How to Optimize Teradata Statistics and Avoid Heuristics: A Case Study

Roland Wenzlofsky

April 28, 2023

minutes reading time

The Optimizer typically excels in utilizing statistics, yet examining the execution plan and cardinality estimations can sometimes be beneficial.

Since Teradata 14.10, I have habitually included the SHOW STATISTICS statement in my considerations. The resulting metrics can aid in identifying statistical issues.

Teradata Statistics – Avoid the Heuristics

This case study demonstrates how the Optimizer can be compelled to utilize precise statistics as opposed to utilizing imprecise heuristics.

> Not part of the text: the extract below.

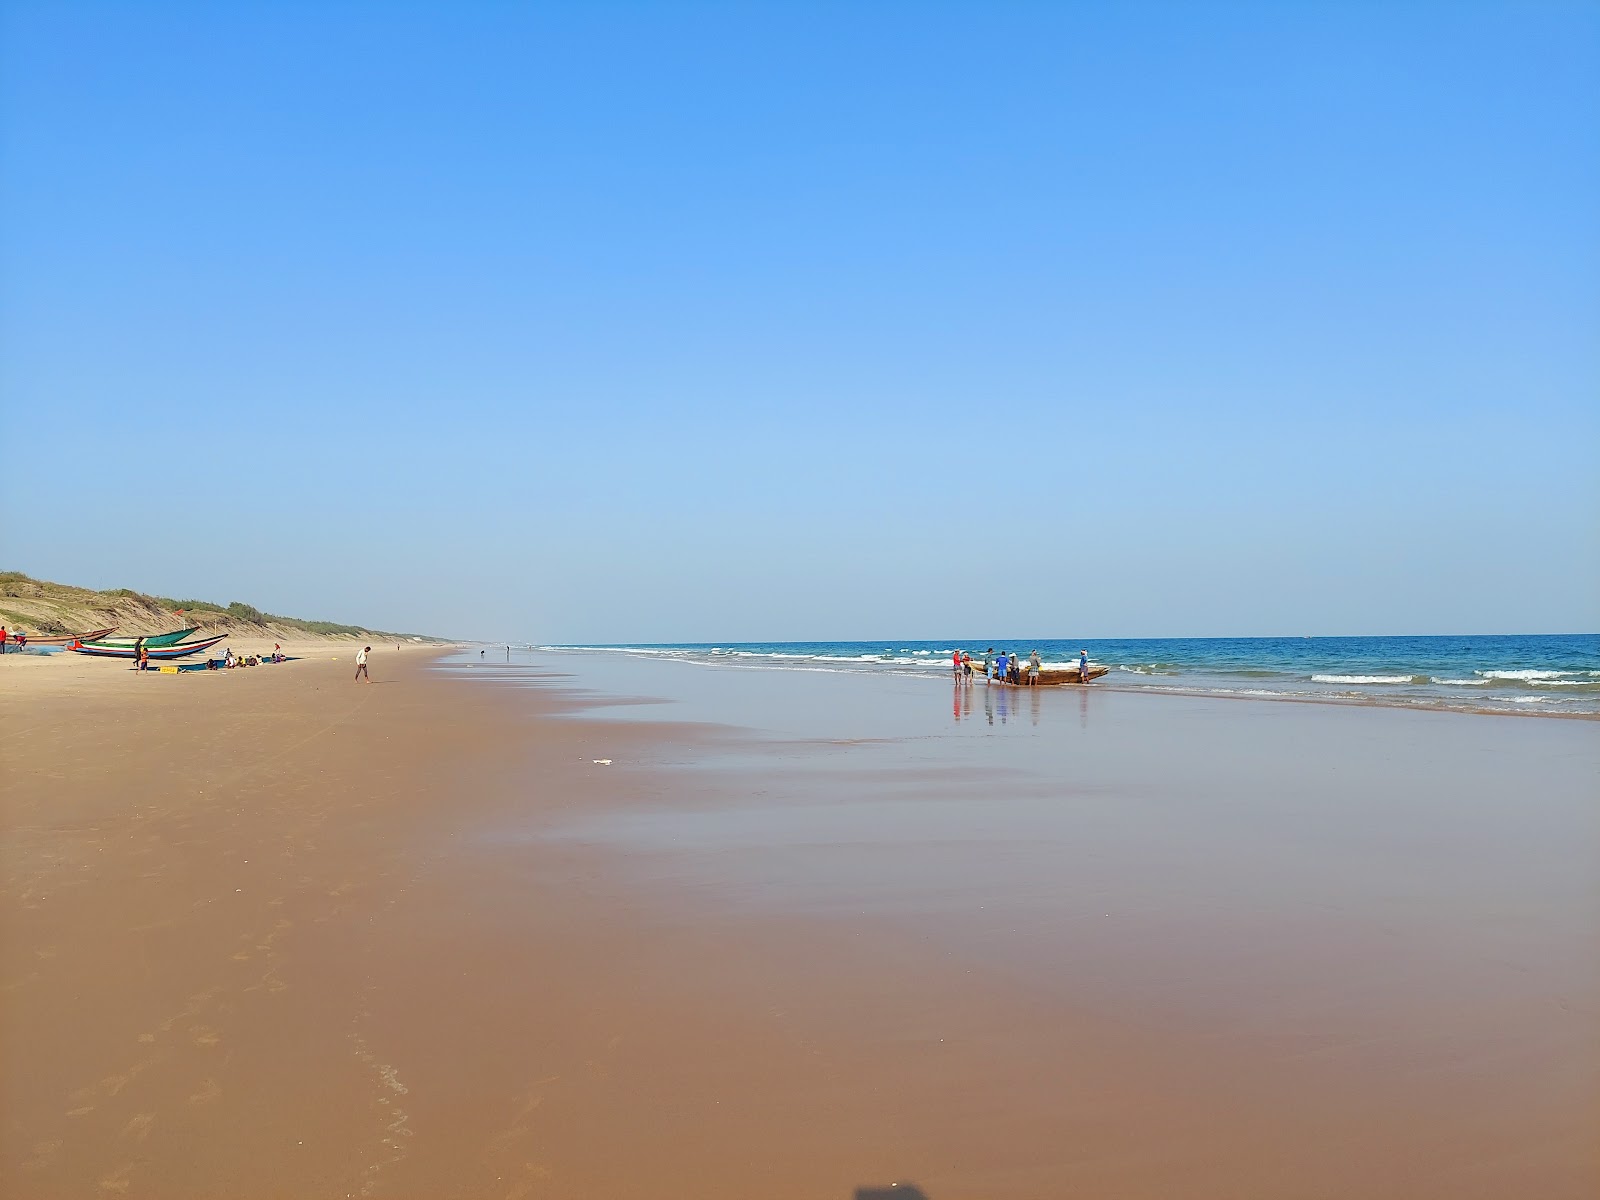 Garampeta Beach'in fotoğrafı parlak kum yüzey ile

The case study relies on two tables as its foundation:

SHOW TABLE TheDatabase.TableOneDate;

CREATE SET TABLE TheDatabase.TableOneDate
(
OneDate DATE FORMAT 'YYYY-MM-DD'
)  UNIQUE PRIMARY INDEX ( OneDate );

SELECT COUNT(*) FROM TheDatabase.TableOneDate;
--> 1 Row

SHOW TABLE TheDatabase.TheCalendar

CREATE MULTISET TABLE TheDatabase.TheCalendar
(
CalendarDate DATE FORMAT 'yyyy-mm-dd'
) PRIMARY INDEX ( CalendarDate );

SELECT COUNT(*) FROM TheDatabase.TheCalendar;

–> 36.889 Rows

I excluded irrelevant columns from both tables and gathered statistics on the remaining ones.

COLLECT STATS ON TheDatabase.TableOneDate COLUMN OneDate;
COLLECT STATS ON TheDatabase.TheCalendar COLUMN CalendarDate;

This query, which is not identical but conveys the same meaning, has attracted my attention due to its use in numerous badly-performing reports:

Explain SELECT * FROM TheDatabase.TheCalendar
WHERE CalendarDate >=
(
SELECT
OneDate
FROM TheDatabase.TableOneDate
)

1) First, we lock a distinct TheDatabase."pseudo table"
for read on a RowHash to prevent global deadlock for
TheDatabase.TableOneDate.
2) Next, we lock a distinct TheDatabase."pseudo table" for
read on a RowHash to prevent global deadlock for
TheDatabase.TheCalendar.
3) We lock TheDatabase.TableOneDate for read, and we
lock TheDatabase.TheCalendar for read.
4) We do an all-AMPs RETRIEVE step from
TheDatabase.TableOneDate by way of an all-rows
scan with no residual conditions into Spool 1 (all_amps)
built locally on the AMPs. The size of Spool 1 is estimated with
high confidence to be 1 row (25 bytes). The estimated time for
this step is 0.03 seconds.
5) We do an all-AMPs DISPATCHER RETRIEVE step from Spool 1 (Last Use)
by way of an all-rows scan and send the rows back to the
Dispatcher. The size is estimated with high confidence to be 1
row. The estimated time for this step is 0.01 seconds.
6) We do an all-AMPs RETRIEVE step from
TheDatabase.TheCalendar by way of an all-rows scan with a
condition of ("TheDatabase.TheCalendar.CalendarDate >= :%SSQ20")
into Spool 2 (group_amps), which is built locally on the AMPs.
The size of Spool 2 is estimated with no confidence to be 12,297
rows (4,943,394 bytes). The estimated time for this step is 0.04
seconds.
7) Finally, we send out an END TRANSACTION step to all AMPs involved
in processing the request.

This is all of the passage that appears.